Work instructions:
Starting at the line that holds "This aged Carnaroli", restate every line word for word up to and including the last one in the listing below, and omit all pictures.
#### Data excerpt
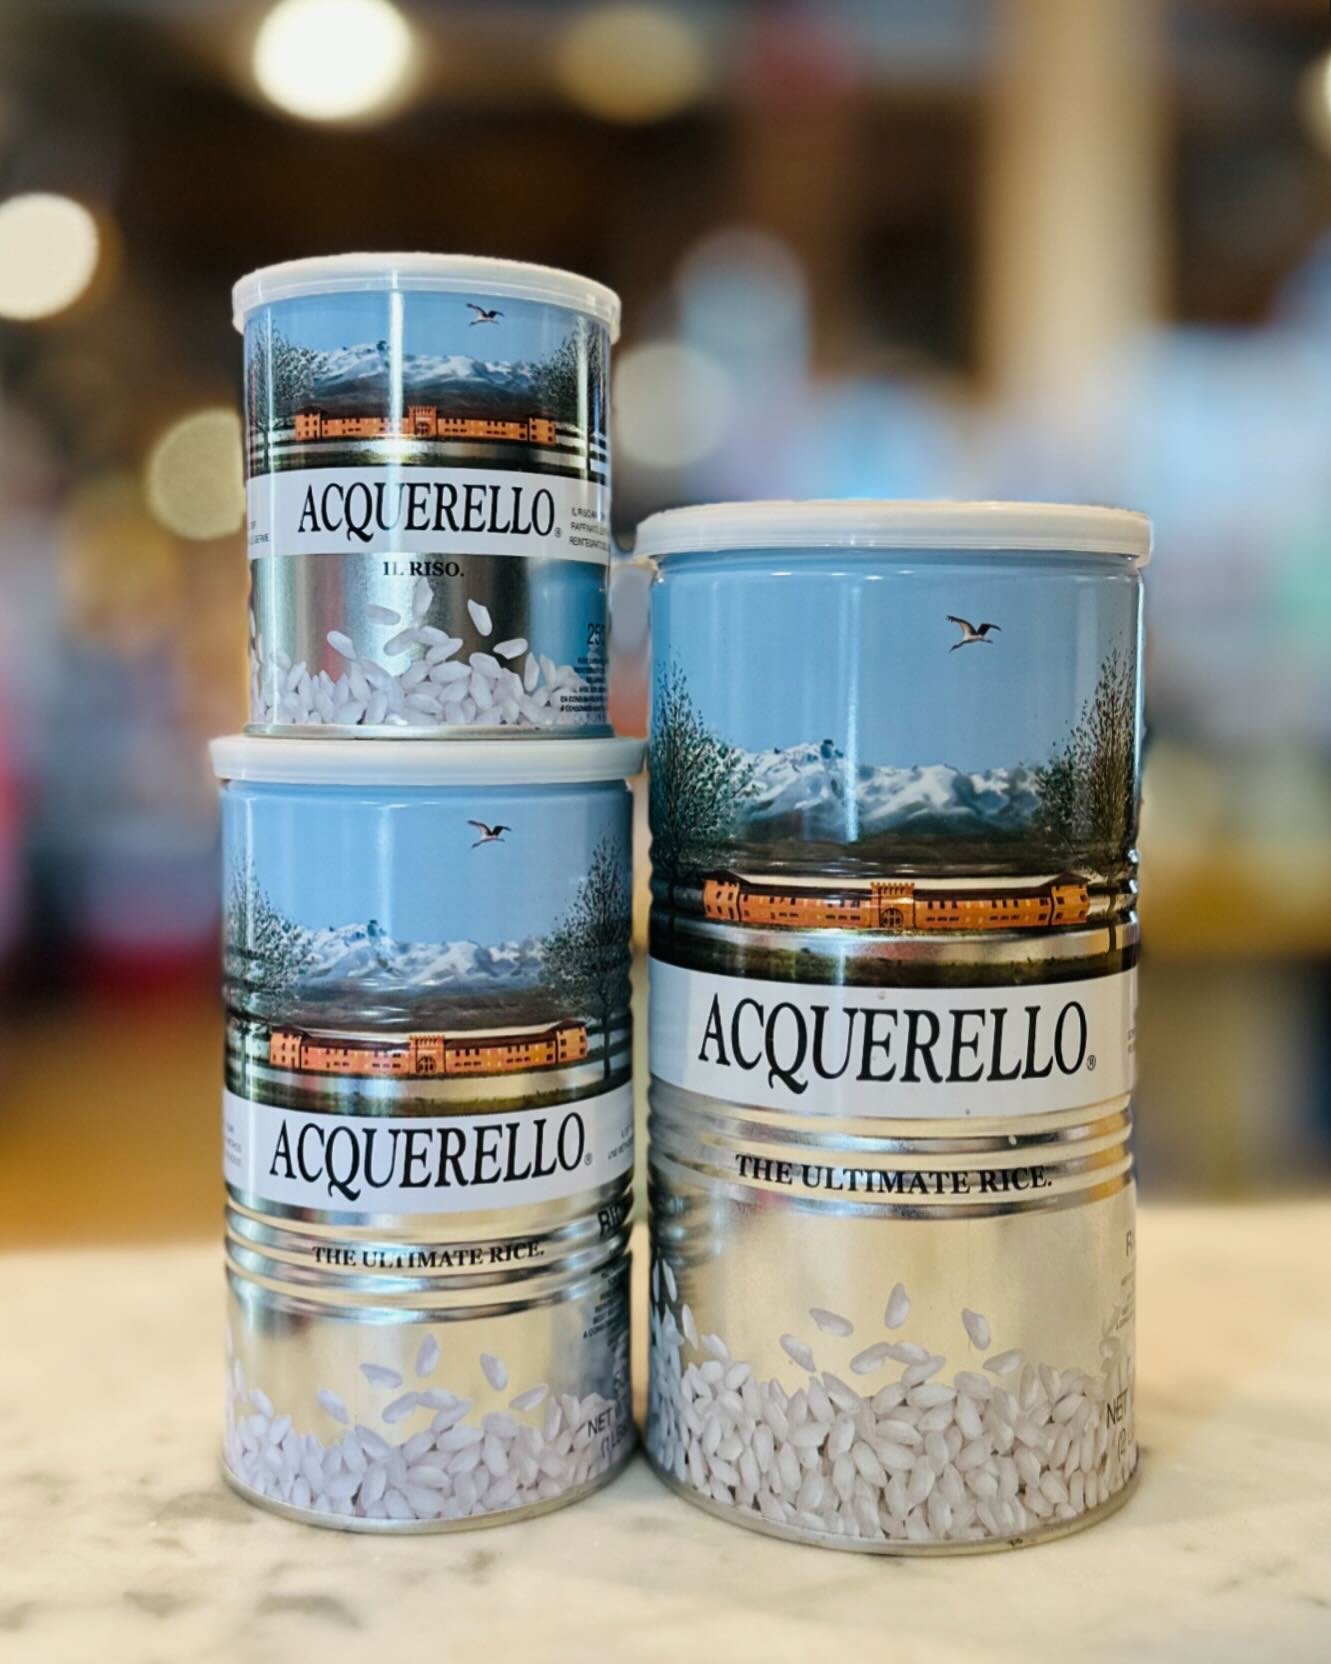 ✨What&rsquo;s for dinner tonight? It seems like a great night for risotto!

This aged Carnaroli rice from @risoacquerello is one of our favourites&mdash;rich, flavourful, and impeccably produced. 

Pick up a tin, along with some of our house-made sto
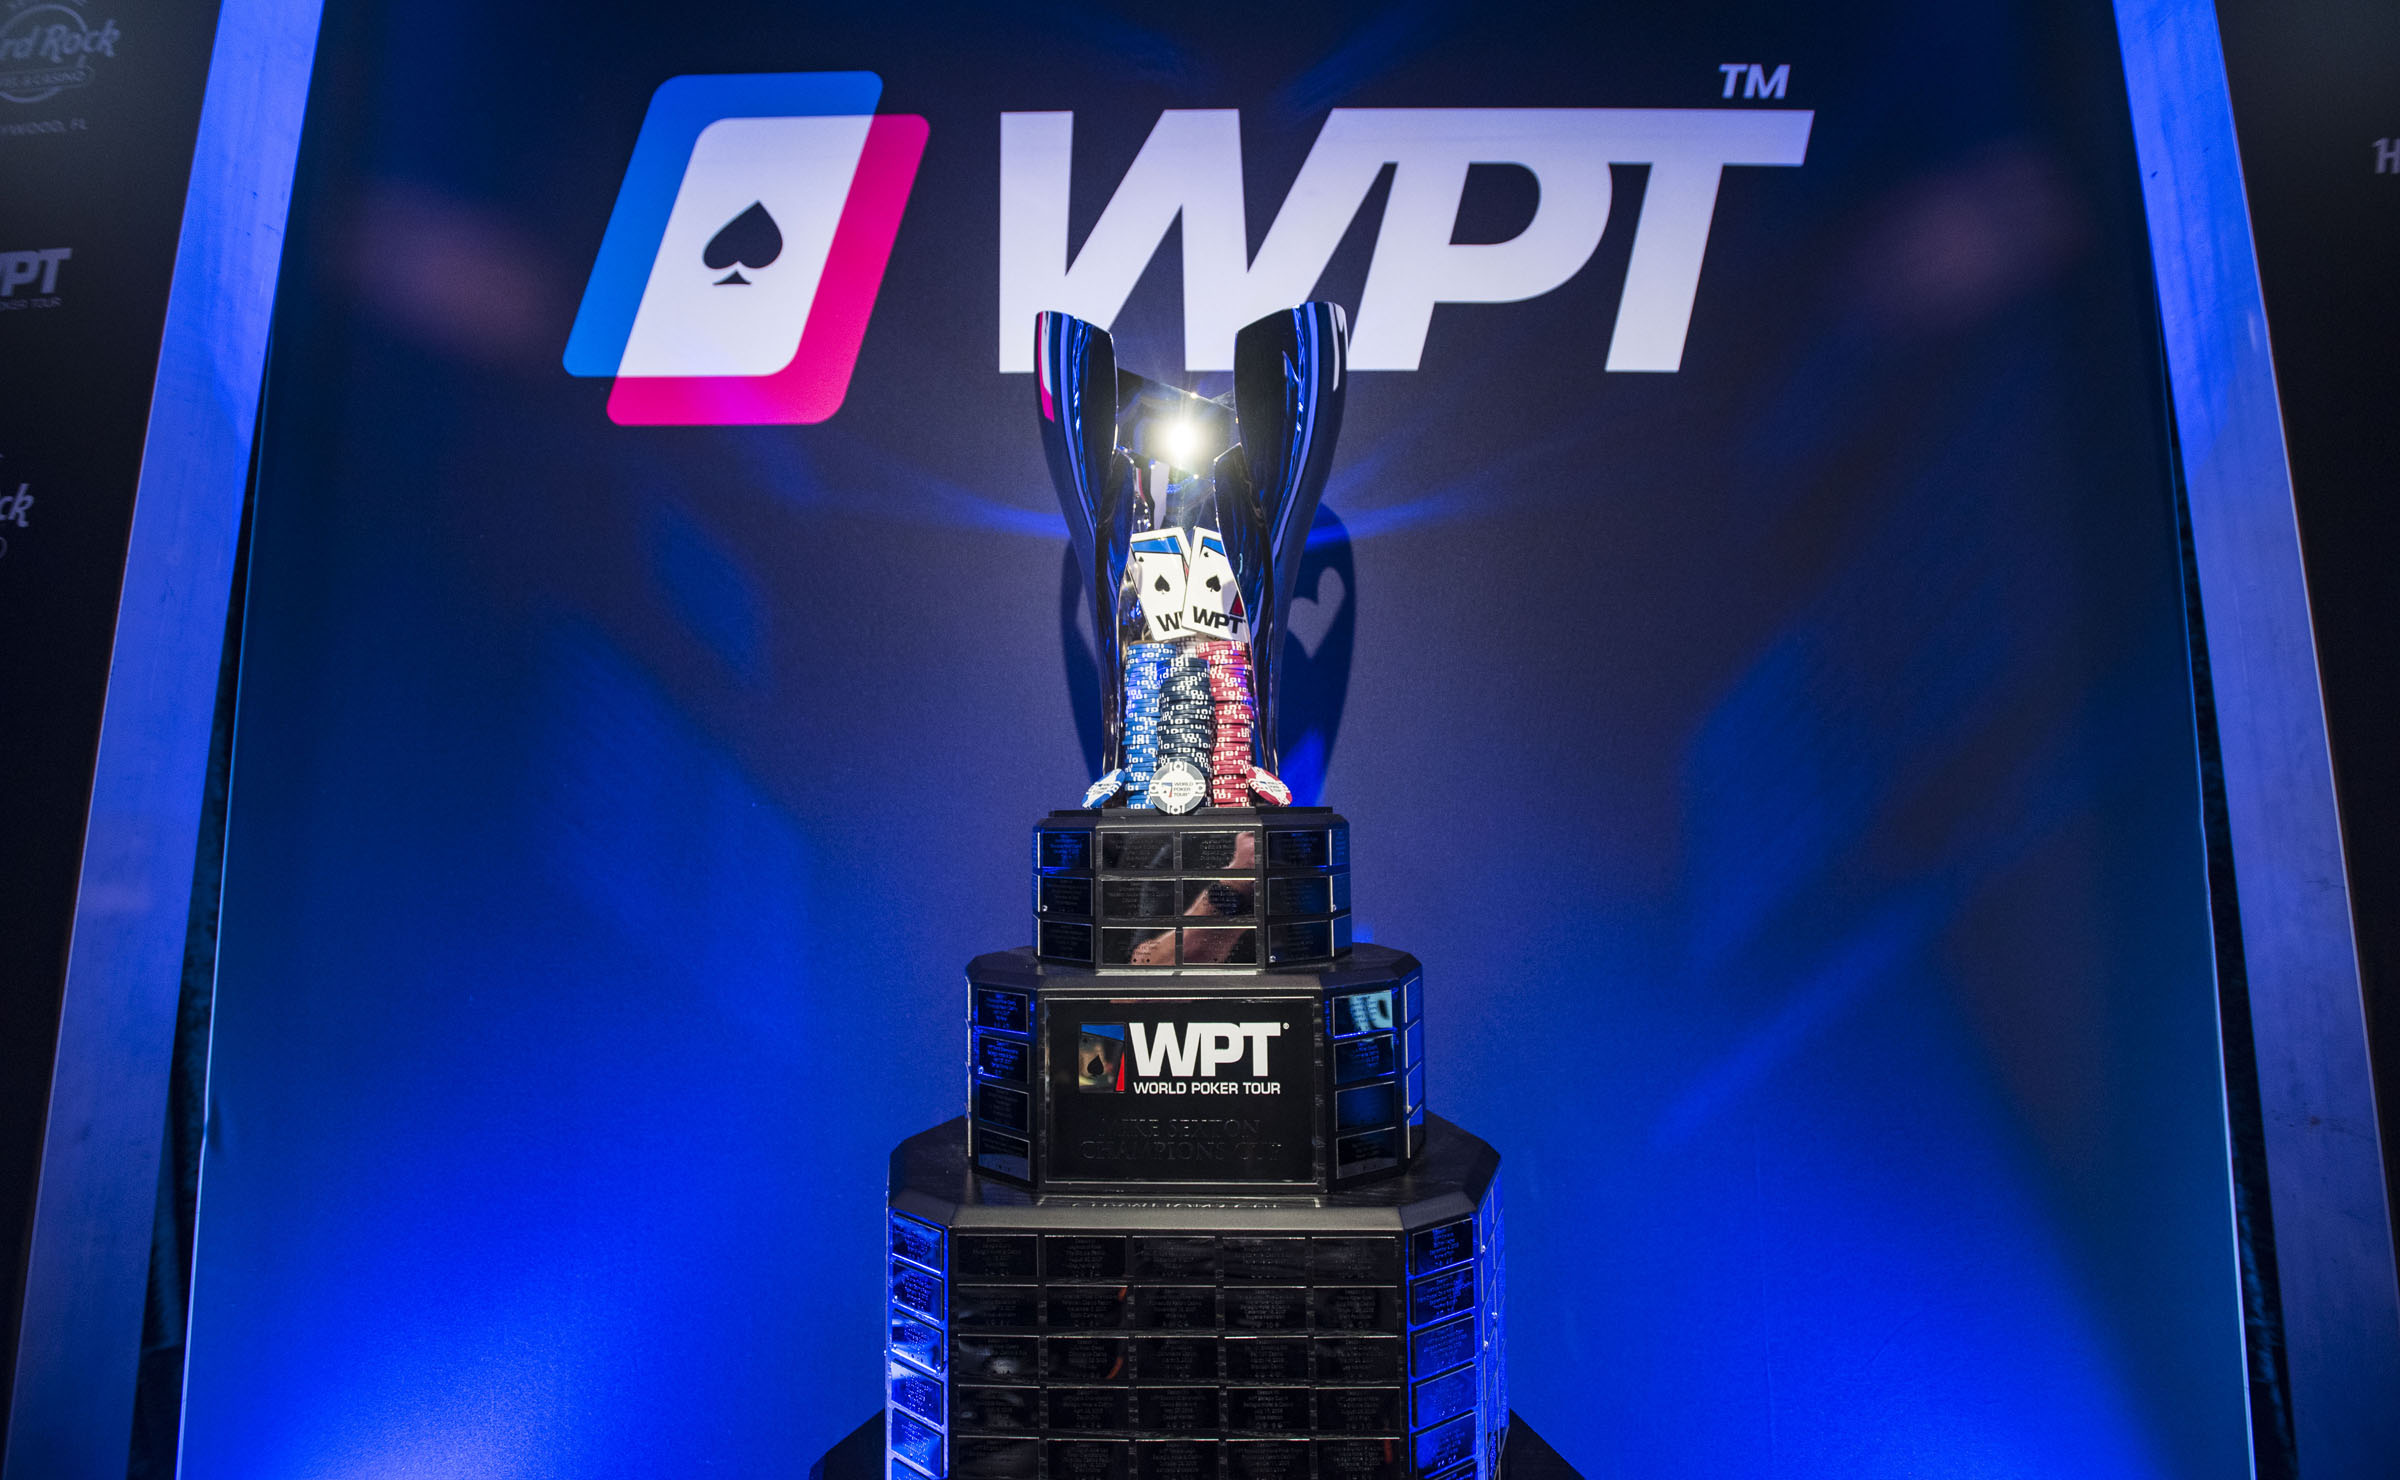 Mike Sexton WPT Champions Cup
########
Written solution:
This aged Carnaroli rice from @risoacquerello is one of our favourites&mdash;rich, flavourful, and impeccably produced. 

Pick up a tin, along with some of our house-made sto
 Mike Sexton WPT Champions Cup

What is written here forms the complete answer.